It would be a waste of the very finest of blue cheeses to mash them up, mix them with yoghurt and pour them over a salad. Or melt them over a hamburger. But the cheaper danish blue, or the crumbly remains of a well-spooned stilton, are ideal for a winter salad dressing. The crushed cheese should be mixed with natural yoghurt, sour cream or fromage frais, seasoned and sharpened with lemon juice if necessary, to make a winter salad of mixed leaves, watercress and perhaps some slivers of carrot into a light meal. The addition of a baked potato makes it a substantial one and the same dressing, possibly with more cheese, will sit very happily inside the potato. Or just mash in some chunks of cheese, for a stronger hit.

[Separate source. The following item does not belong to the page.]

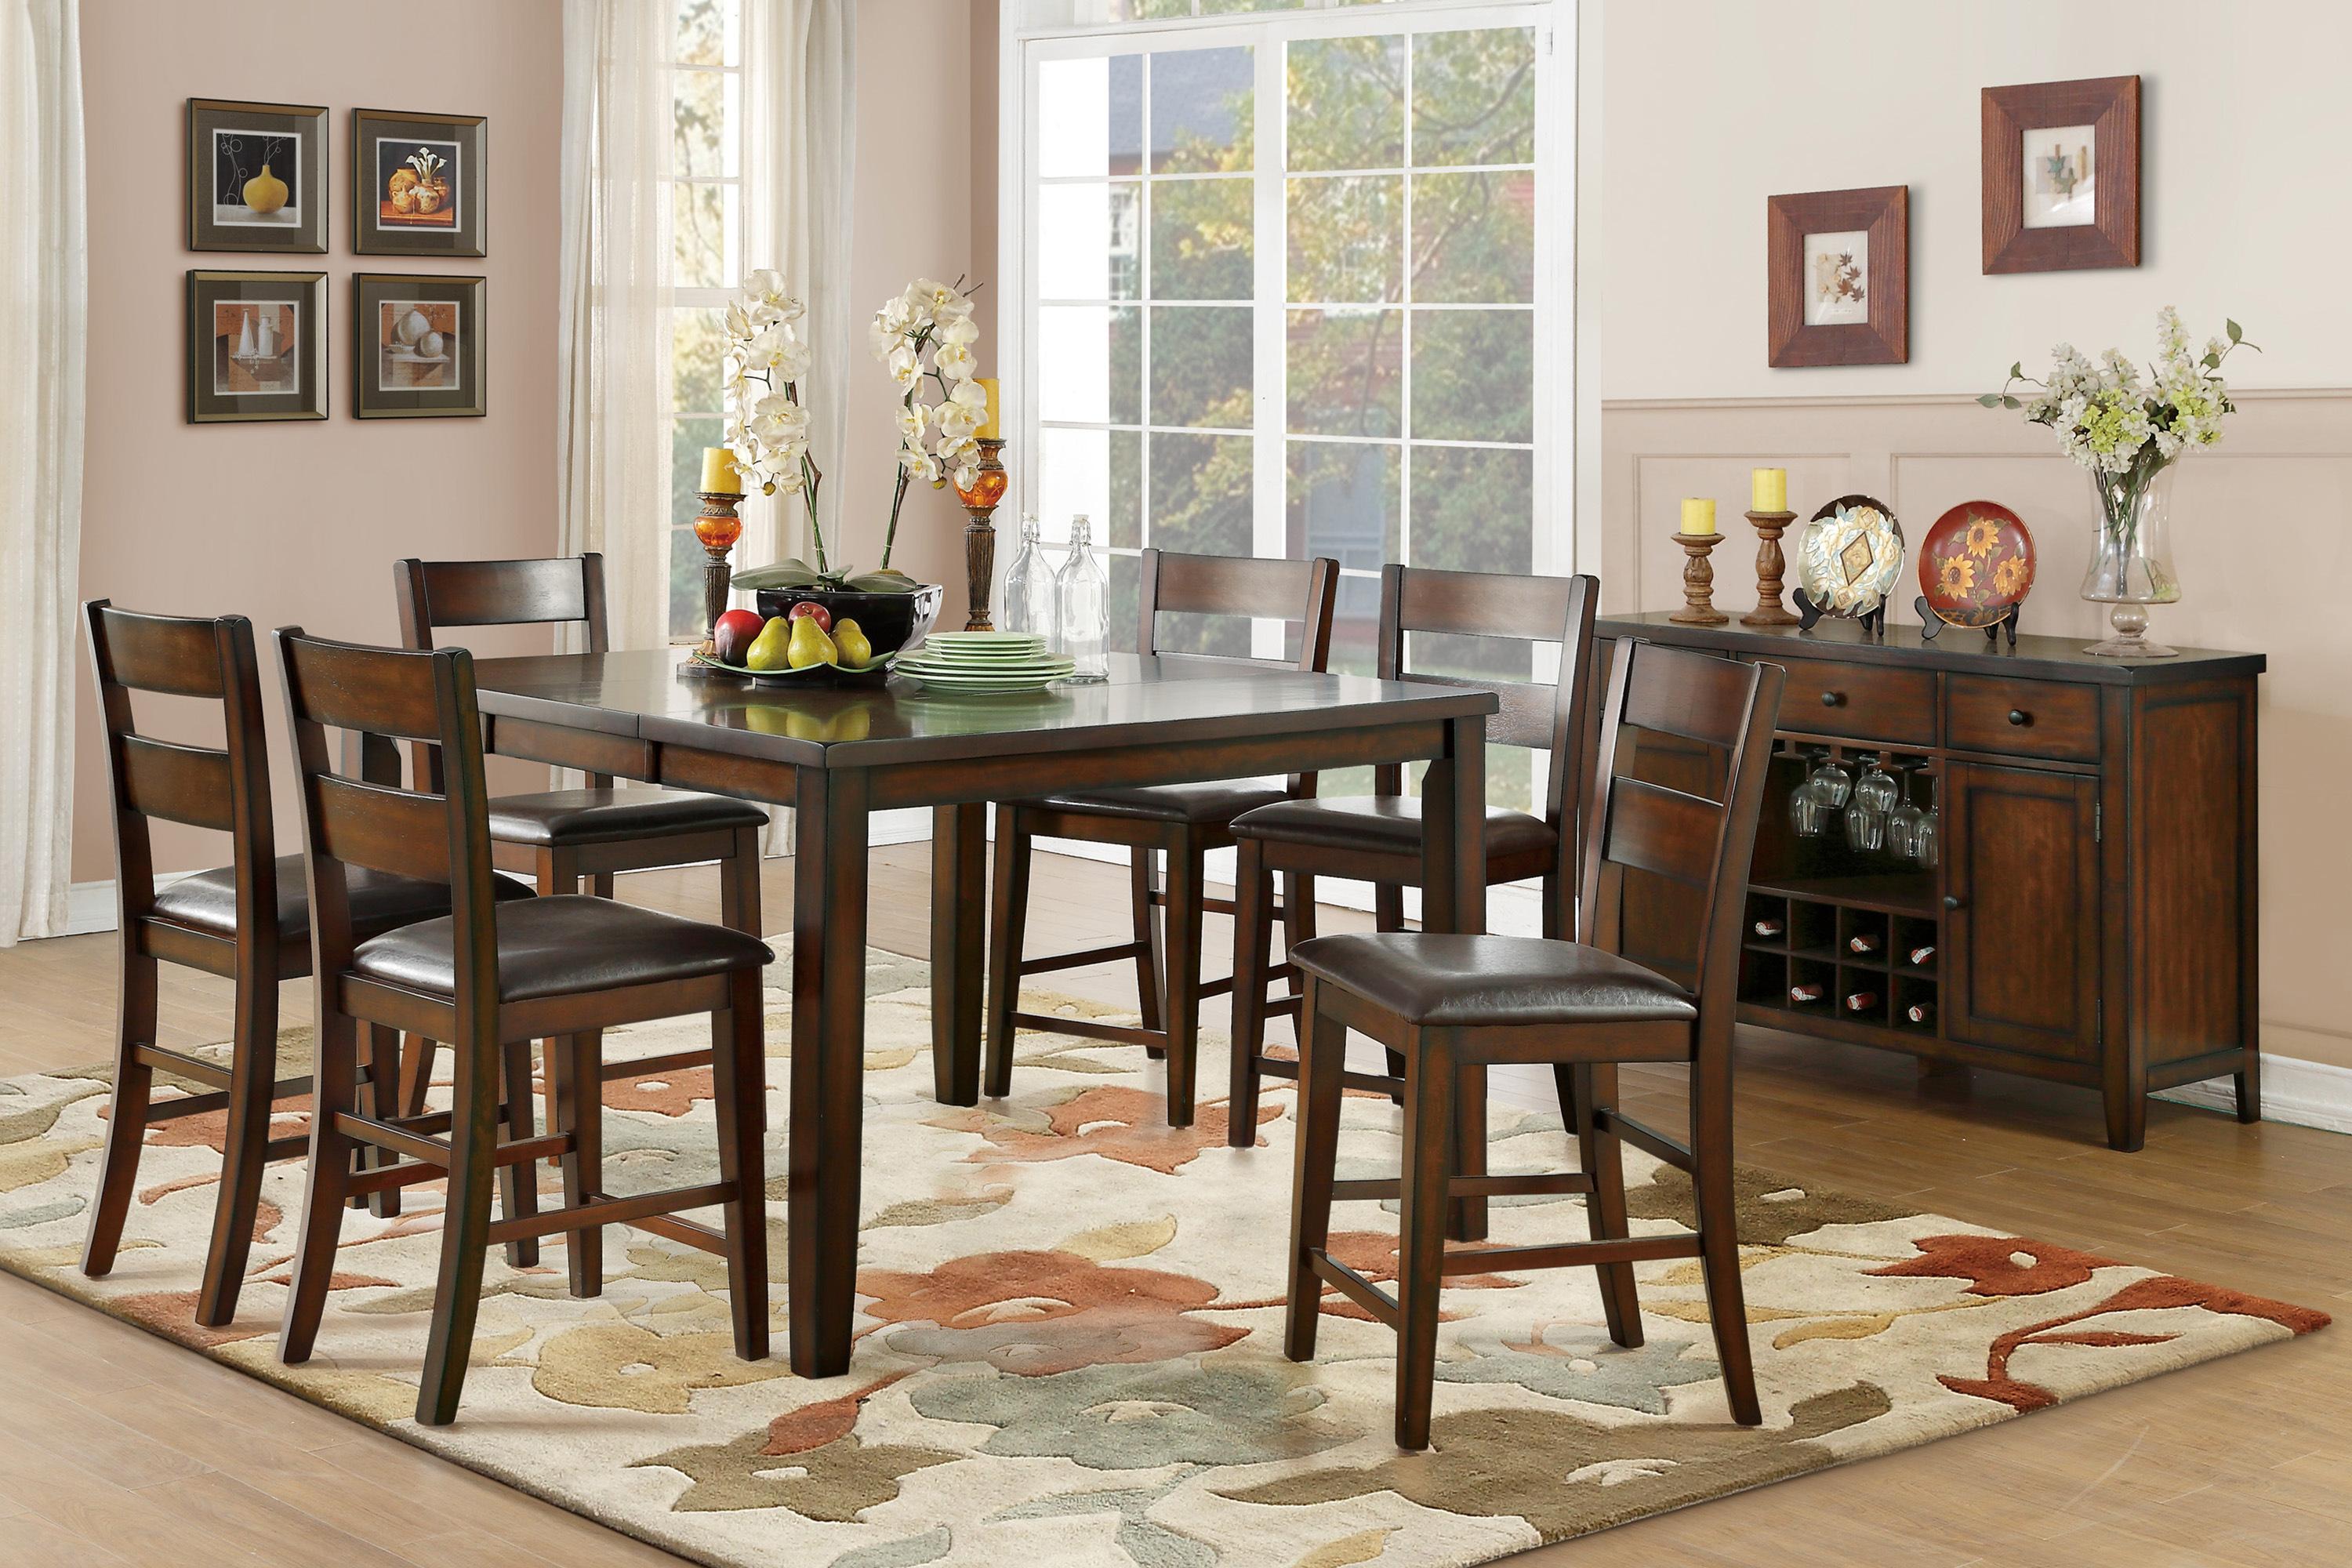 Transitional Dining Room Set 5547-36-8PC Mantello 5547-36-8PC in Cherry Faux Leather

These are powerful tastes and assertive textures that need something stodgy, sharp or sweet to keep them company and blue cheese has a particular affinity with pears. Locket’s savoury—toast, watercress, pear

and sliced stilton baked until the cheese melts—came from a London restaurant, appeared in Jane Grigson’s Fruit Book and has been doing the rounds ever since. Similar ingredients can be arranged into a salad of peppery greens, slices of pear, cubes of starry dolcelatte or gorgonzola, croutons and a vinaigrette dressing.

The Italian blues make an easy sauce for pasta or gnocchi—just chop dolcelatte or gorgonzola into small cubes and stir in right at the end. Parsley and black pepper make perfect finishing touches. Make a quick salad, or cook some green vegetables as well, because these cheeses are seriously rich and too much can be stultifying.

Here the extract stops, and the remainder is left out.